**Raw data:**

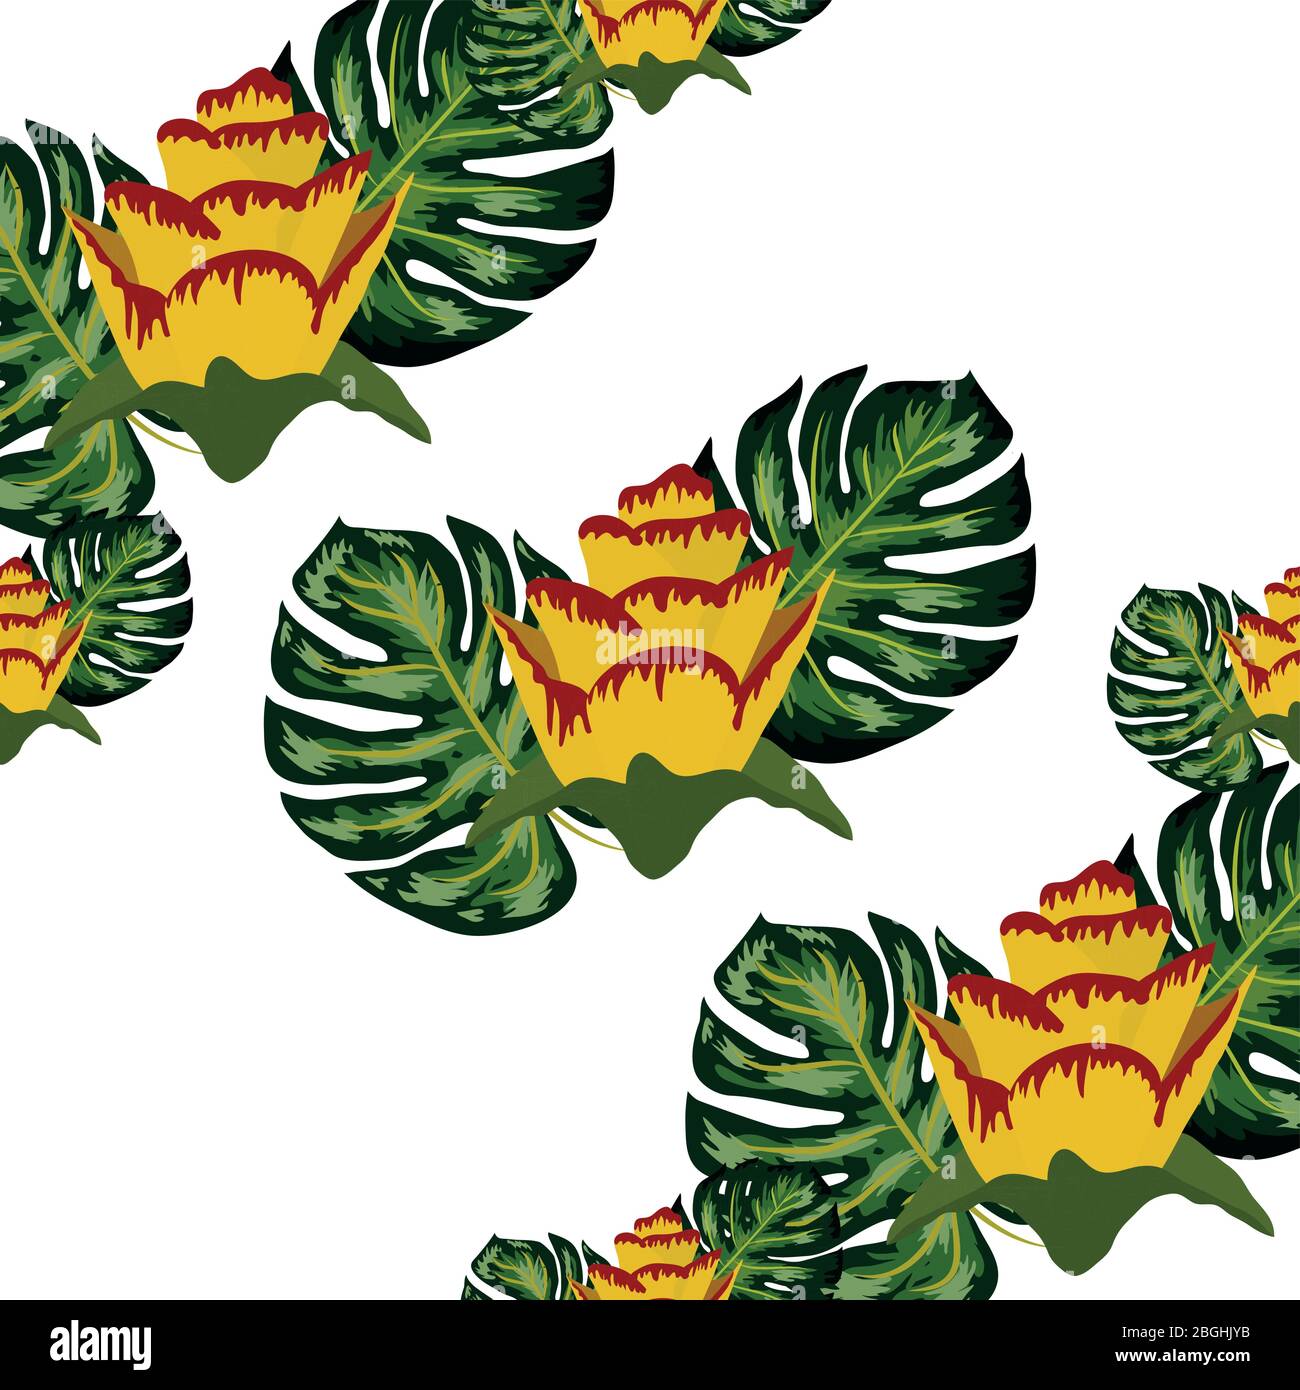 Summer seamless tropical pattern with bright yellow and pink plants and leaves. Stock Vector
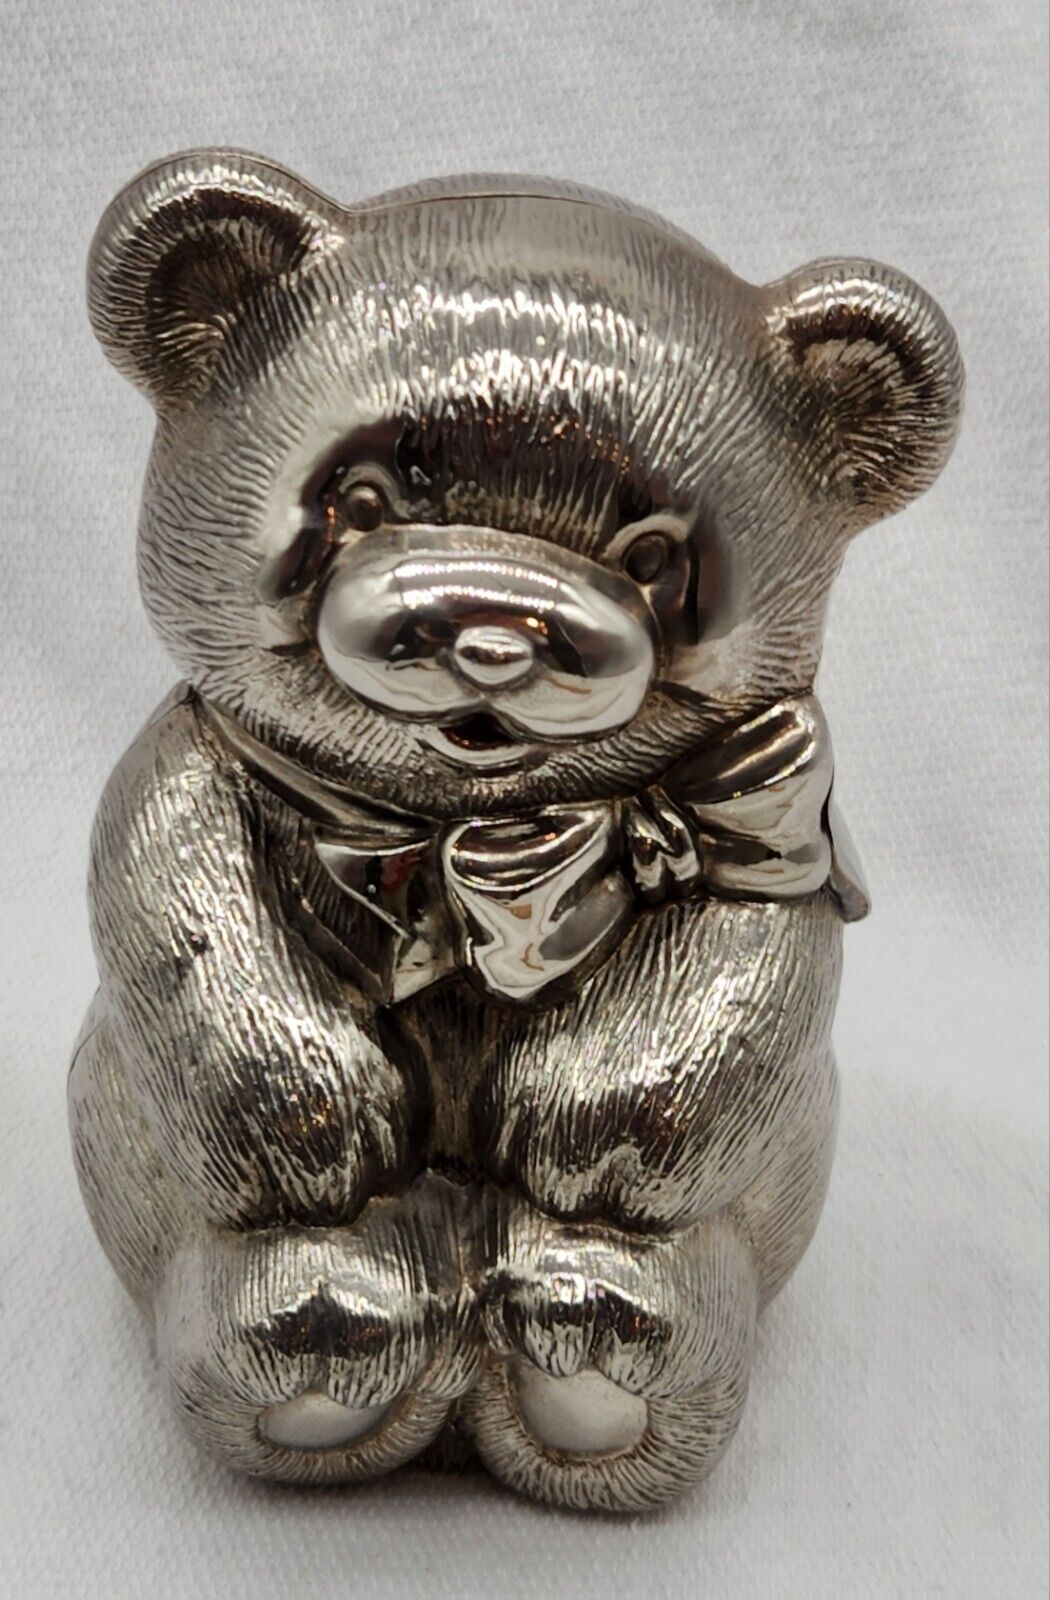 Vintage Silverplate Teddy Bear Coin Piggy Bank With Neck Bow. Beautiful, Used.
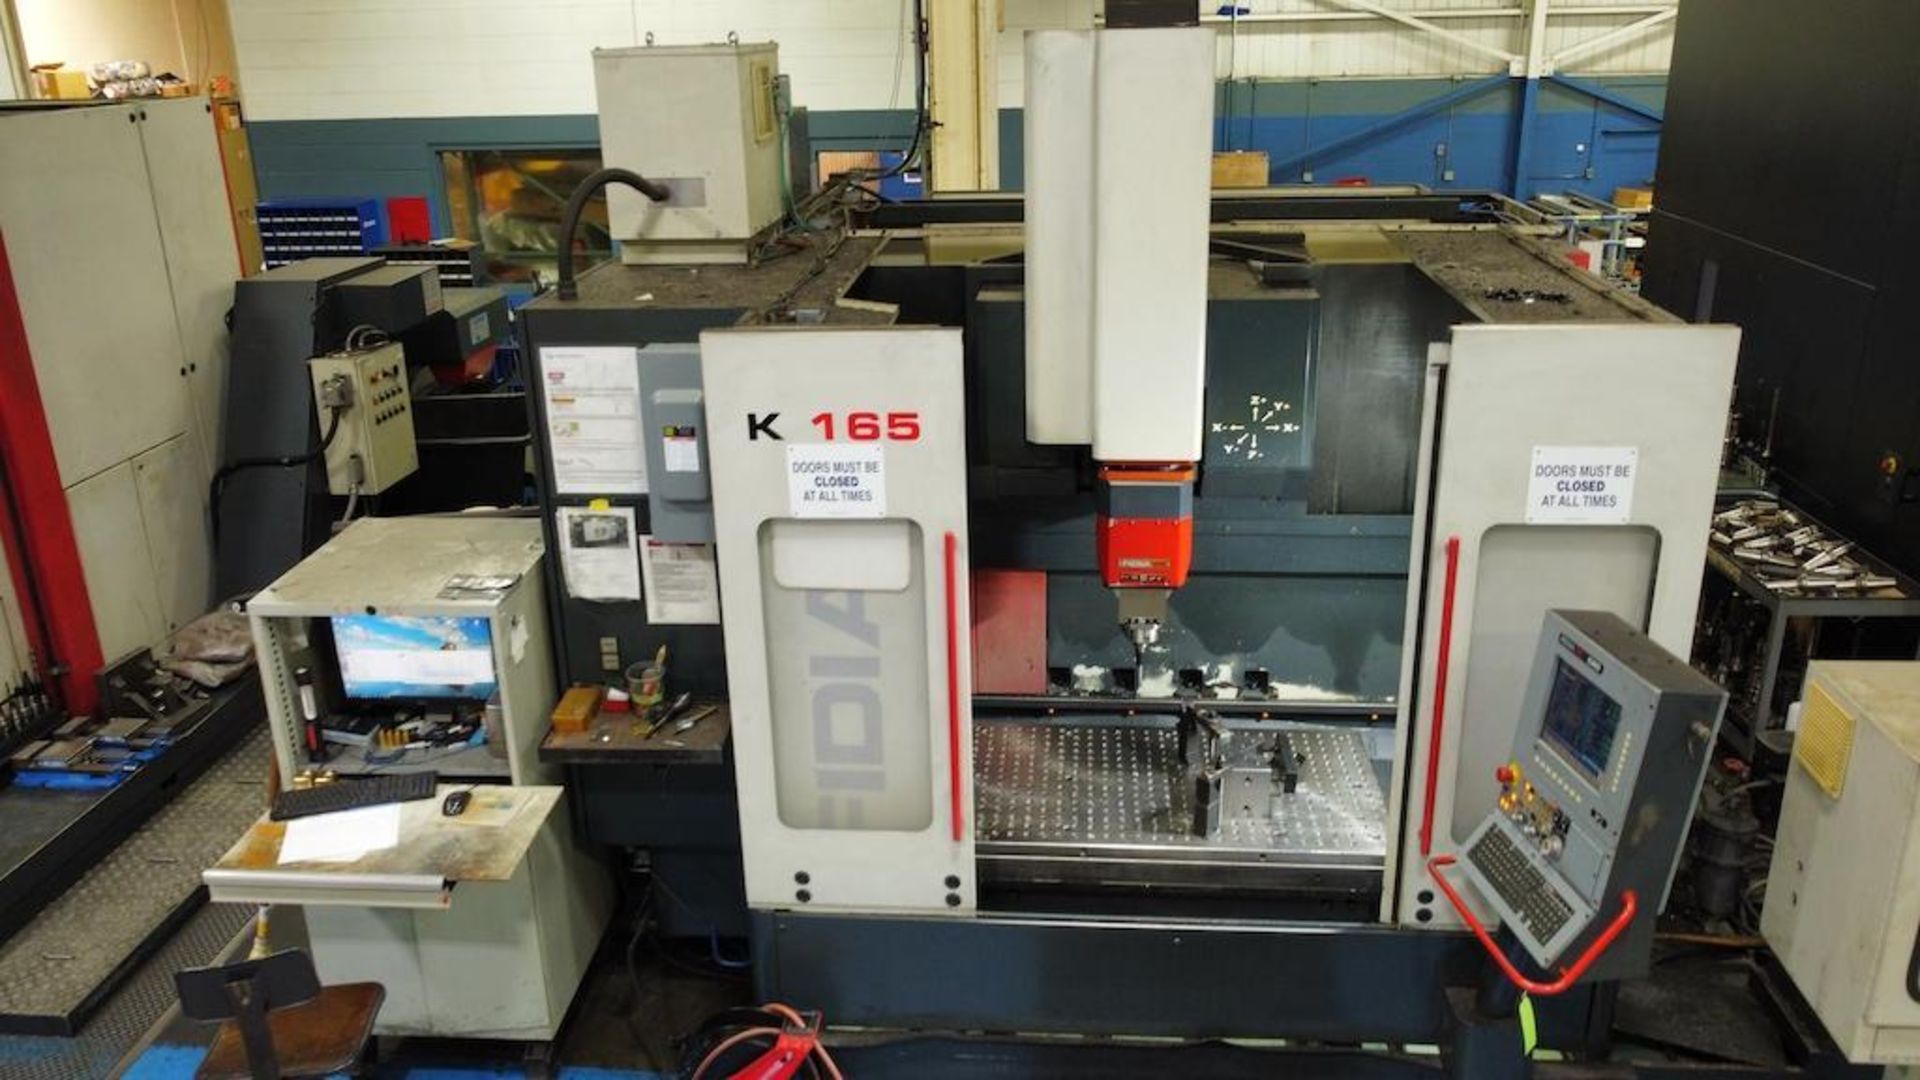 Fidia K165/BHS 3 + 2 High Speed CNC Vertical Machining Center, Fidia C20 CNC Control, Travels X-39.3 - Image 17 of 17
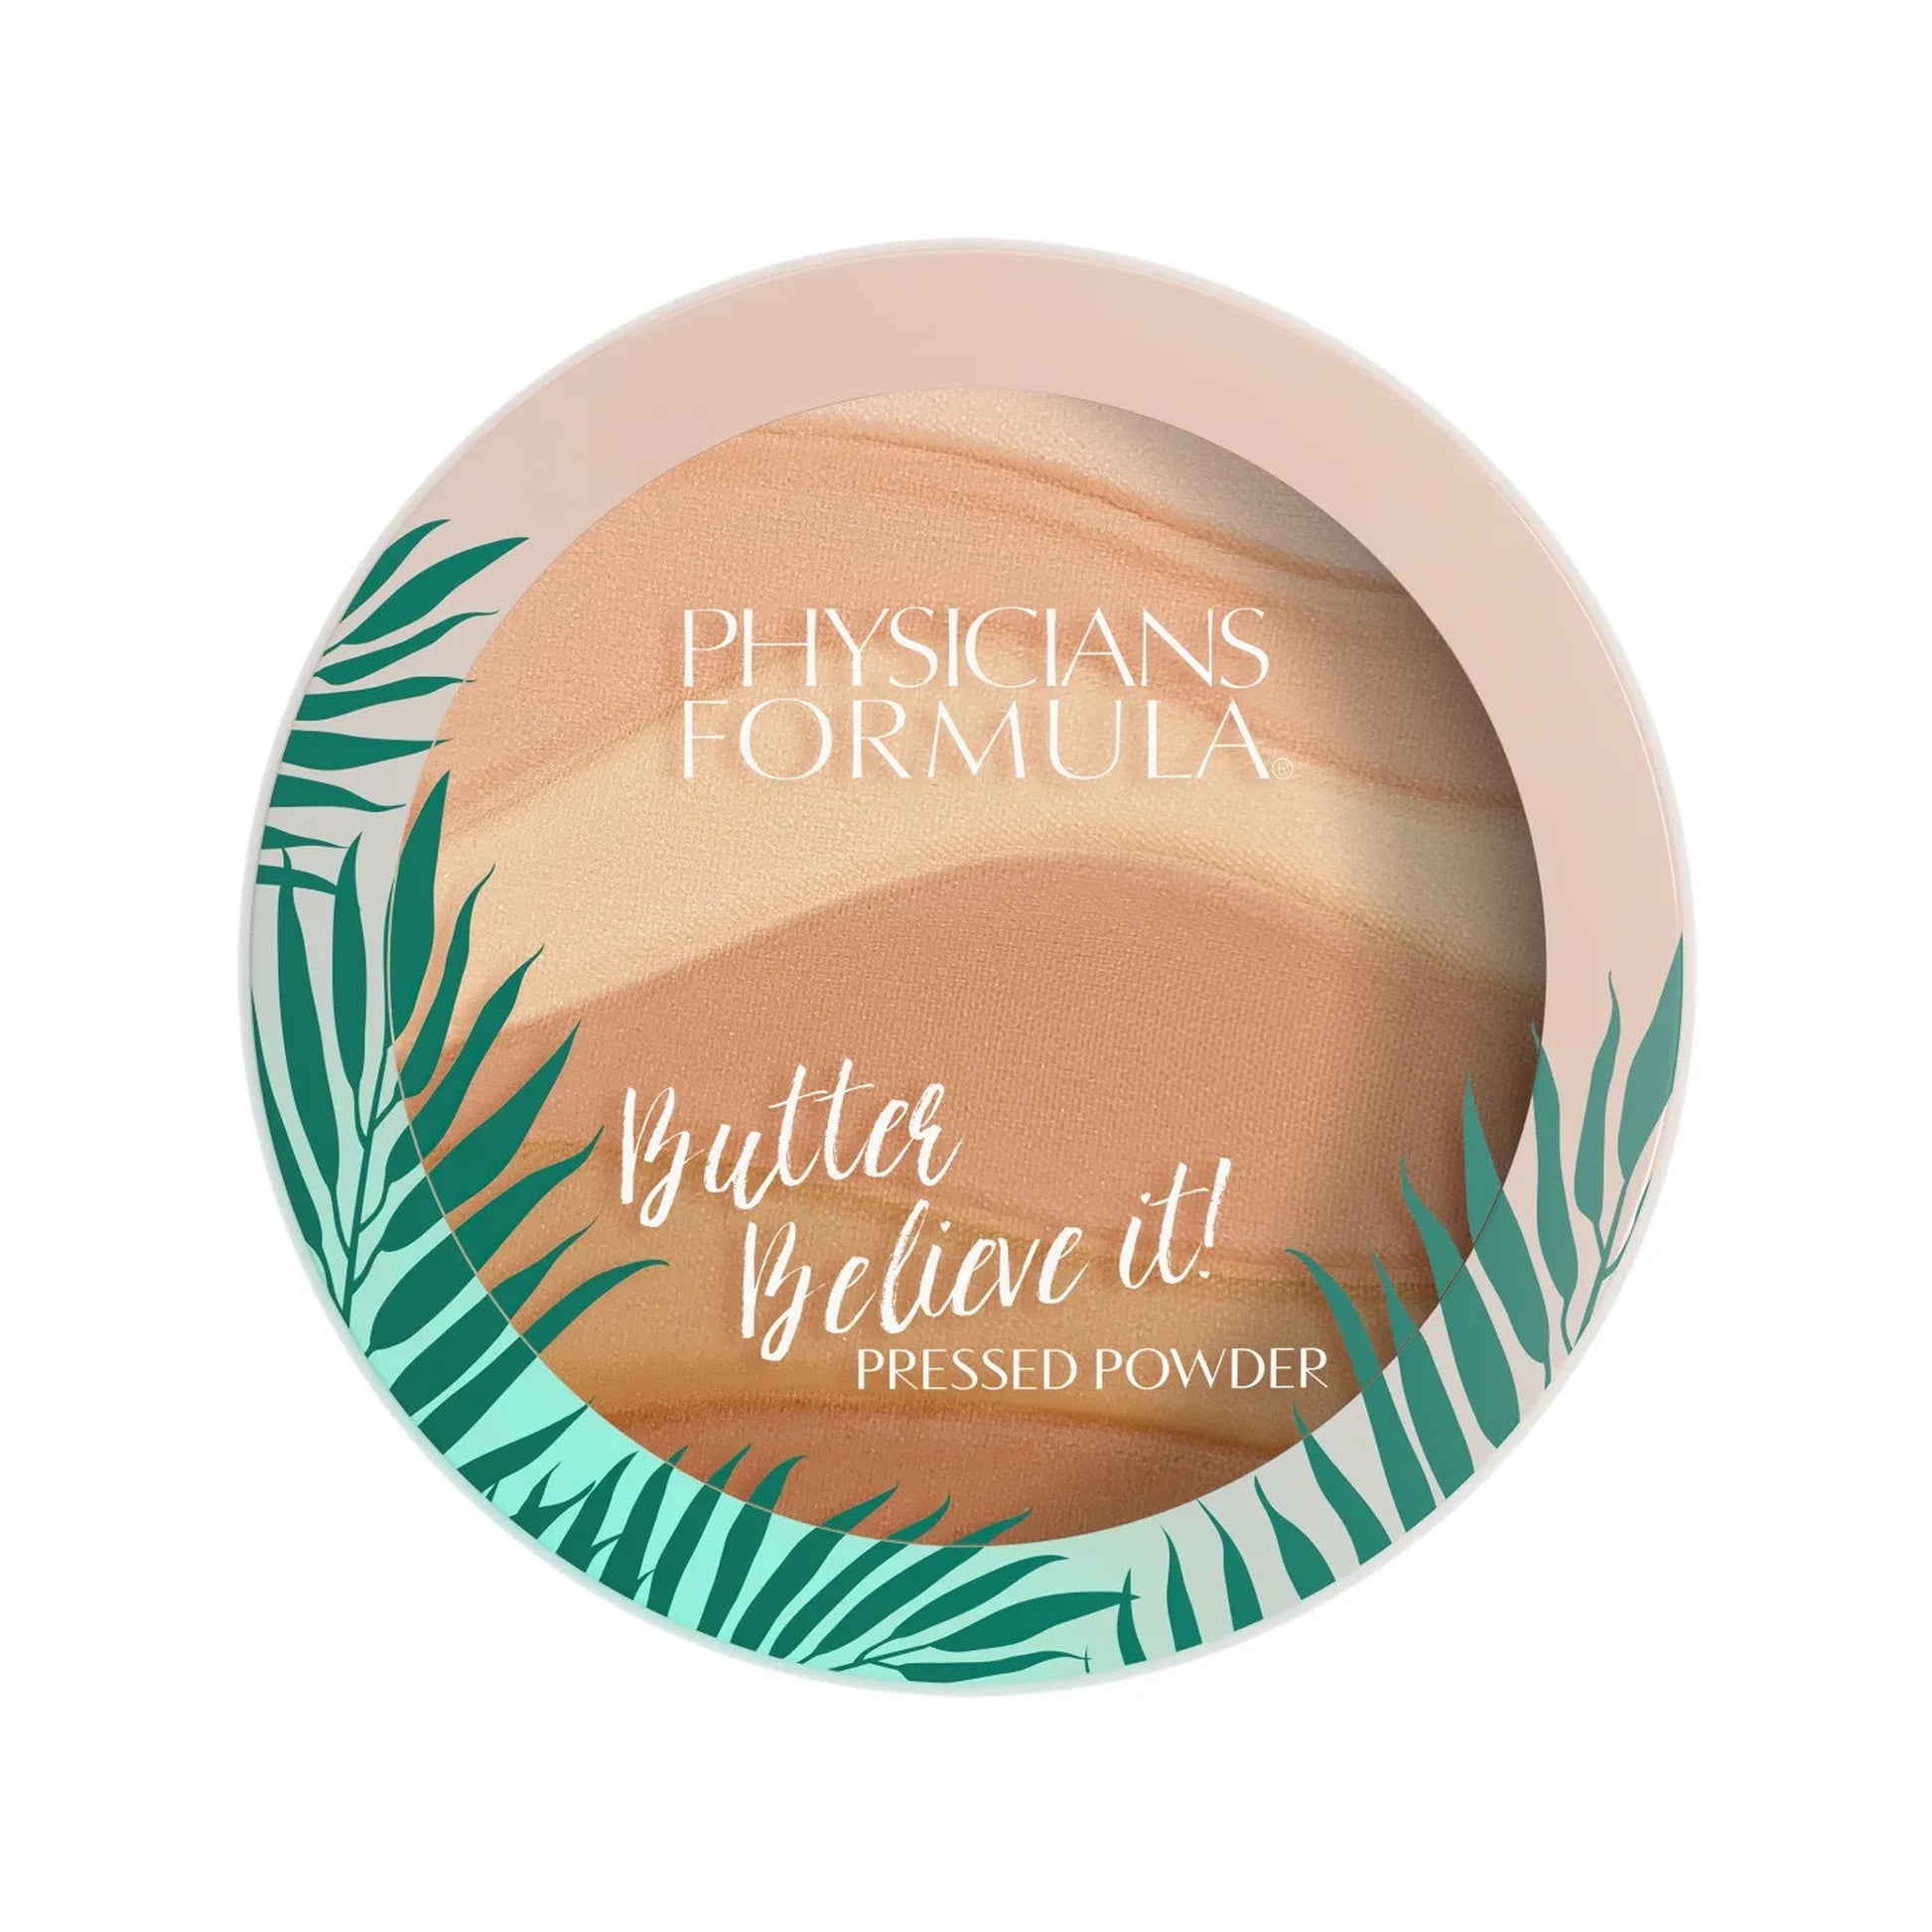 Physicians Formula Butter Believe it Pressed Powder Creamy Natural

**Requirement:** Set the material above down again word for word. Include none of its pictures.

**Your solution:**
 Summer seamless tropical pattern with bright yellow and pink plants and leaves. Stock Vector
 Vintage Silverplate Teddy Bear Coin Piggy Bank With Neck Bow. Beautiful, Used.
 Fidia K165/BHS 3 + 2 High Speed CNC Vertical Machining Center, Fidia C20 CNC Control, Travels X-39.3 - Image 17 of 17
 Physicians Formula Butter Believe it Pressed Powder Creamy Natural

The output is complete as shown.